Each partition's new layer is built independently; the operation is fully parallel across partitions.
---
## Dependencies
| crate | role |
|---|---|
| `ptr_hash 1.1` | MPHF per layer (epserde serialisation) |
| `cacheline-ef 1.1` | compact remap storage inside ptr_hash |
| `epserde 0.8` | zero-copy serialisation of MPHF |
| `memmap2` | mmap of layer files |
| `obiskio` | unitig file writer/reader |
| `obicompactvec` | payload types: `PersistentCompactIntVec`, `PersistentBitVec` |
---
## Open questions
- **Mode 3/4 multi-file layout**: one PBIV/PCIV per genome per layer means O(n_layers × n_genomes) files. Directory layout, open strategy, and query API are not yet designed.
- **Mode 4 scale**: count matrix (n_kmers × n_genomes × bytes_per_count) reaches hundreds of GB for large collections. A sparse representation may be required; access pattern and density threshold are not yet defined.

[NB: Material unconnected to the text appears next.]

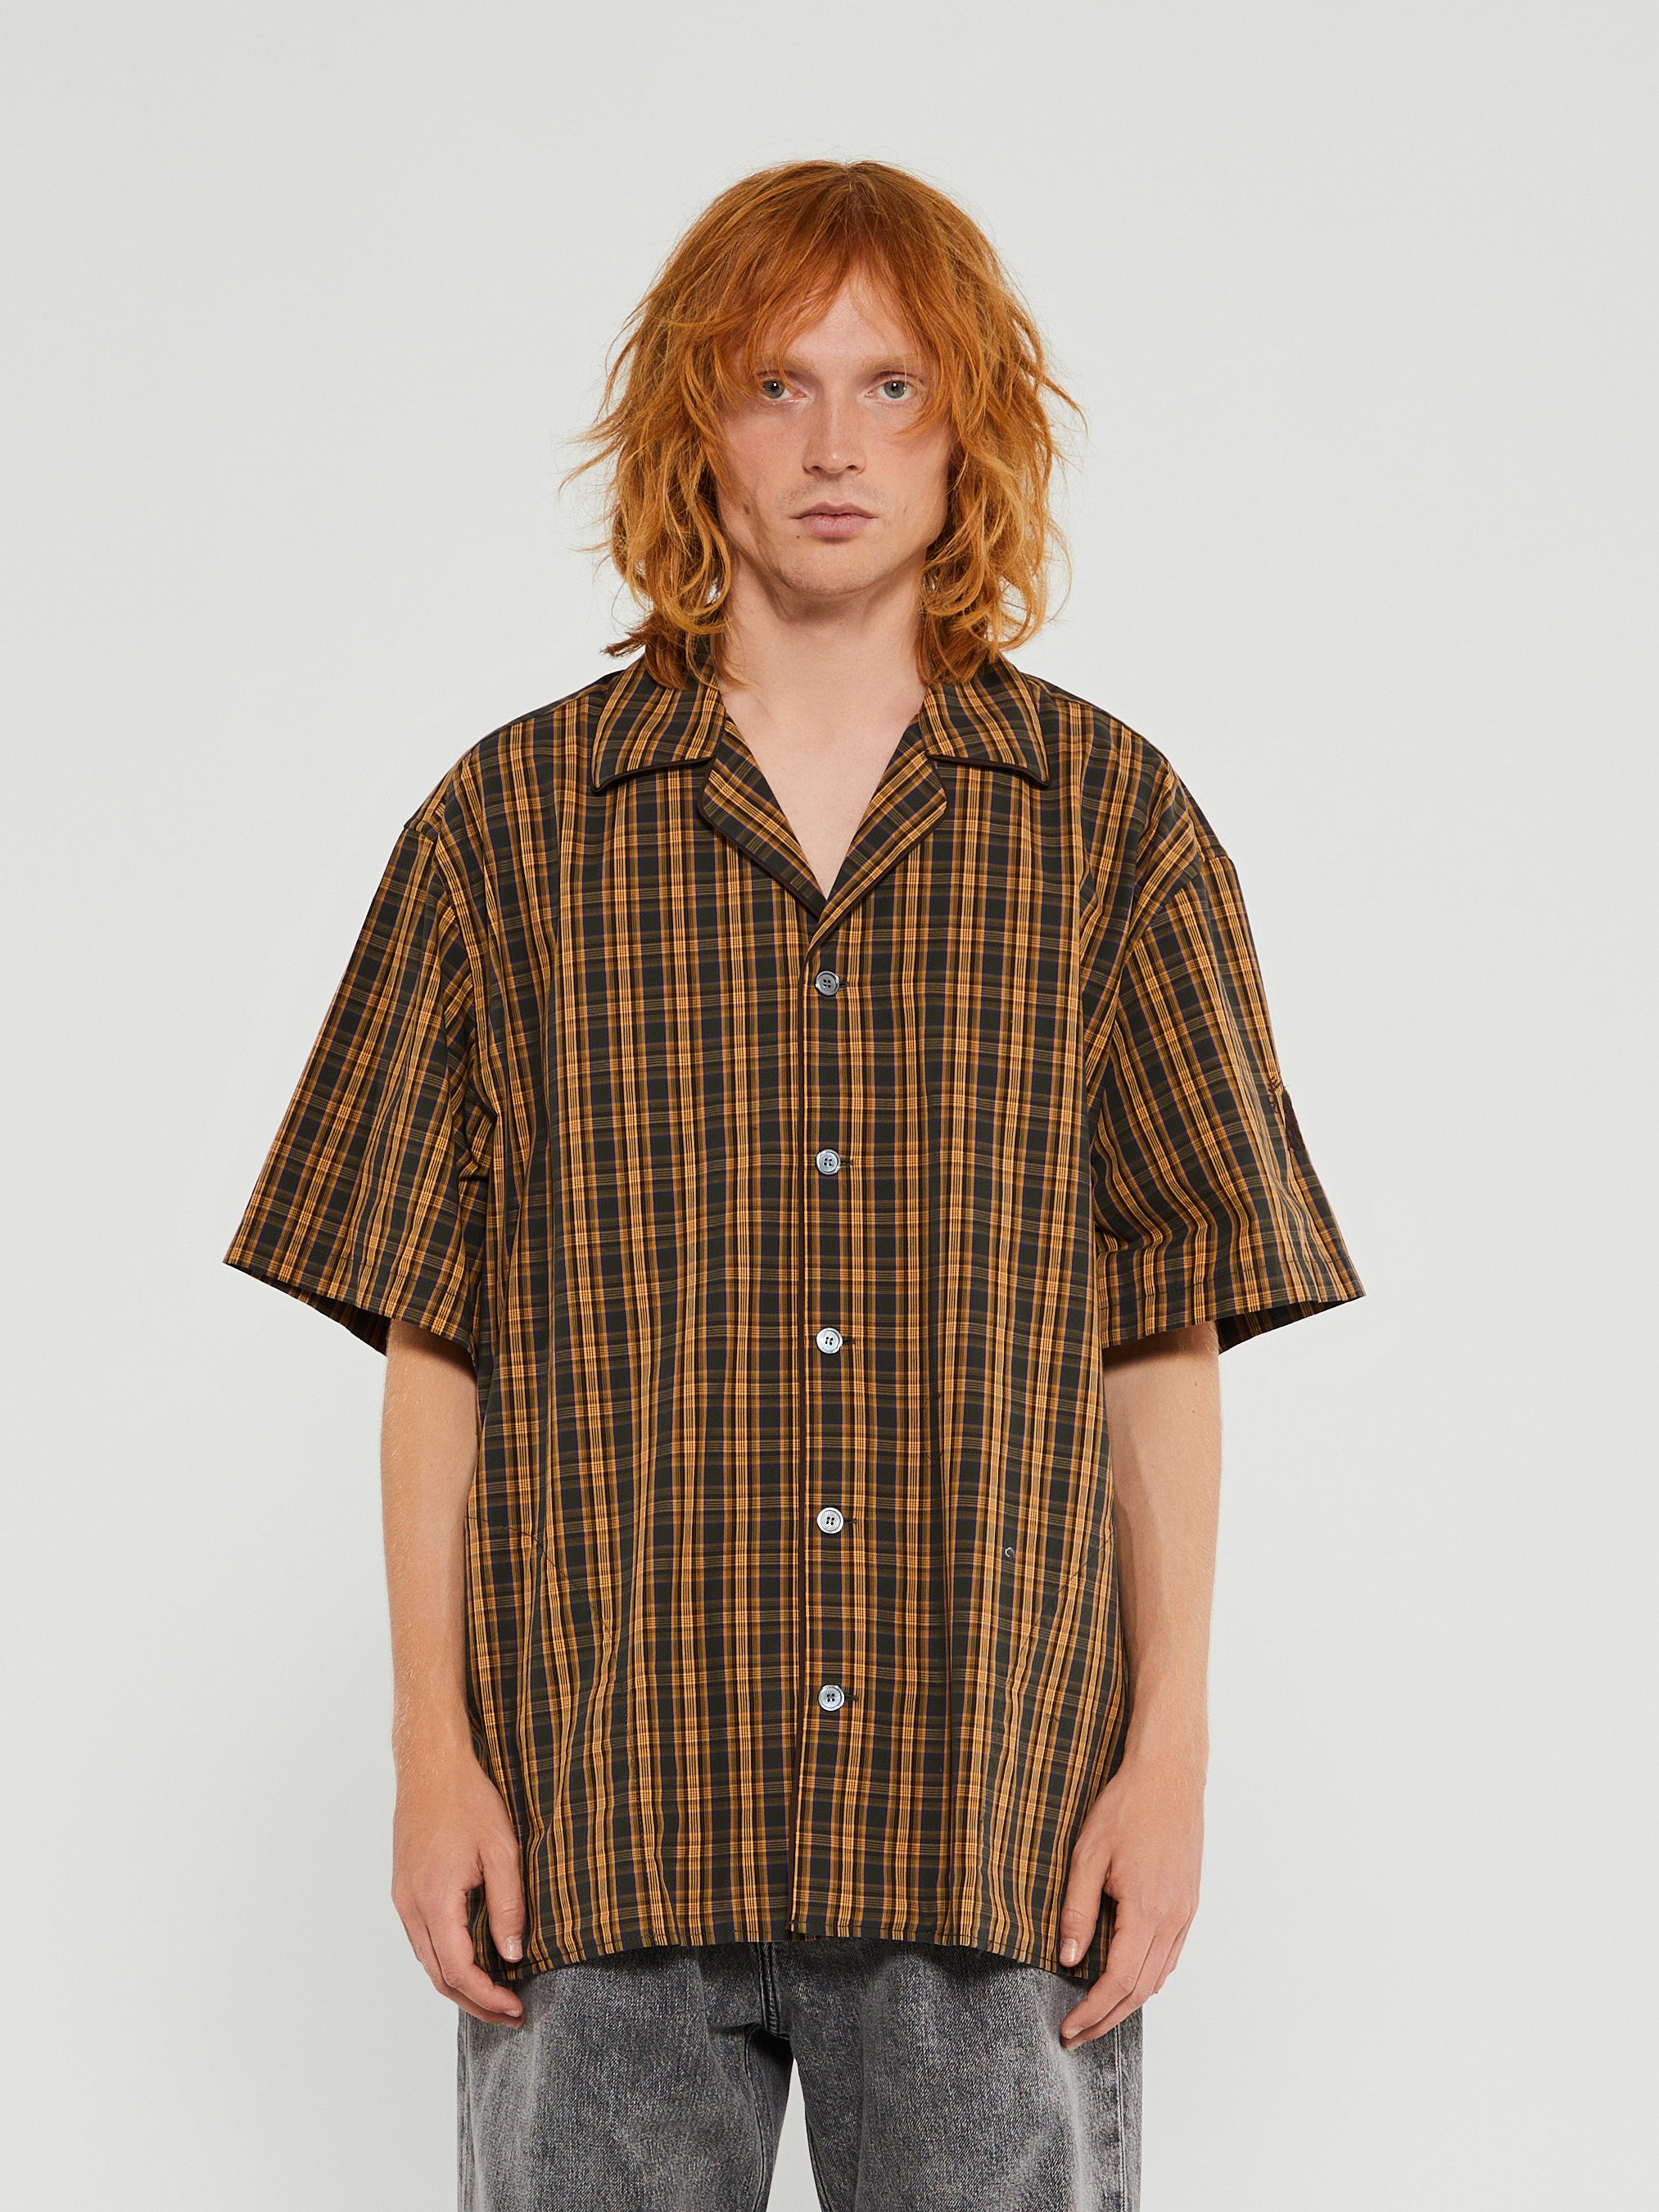 Acne Studios - Short Sleeve Button-Up Shirt in Brown and Green

- **Presence matrix layout**: column-major (one PBIV per genome) favours per-genome operations; row-major favours per-kmer queries. Dominant access pattern not yet characterised.
- **Layer merge**: merging two `LayeredMap` instances into a single-layer index requires full rebuild. Define API and cost model.
- **Canonical kmer orientation**: evidence stores canonical kmer; strand recovery requires one 64-bit revcomp comparison at query time.
- **`try_new_from_par_iter`**: `ptr_hash::new_from_par_iter` silently discards construction failure. Post-construction verification (current workaround) is correct but does not allow retry. A `try_new_from_par_iter` PR upstream would close this gap.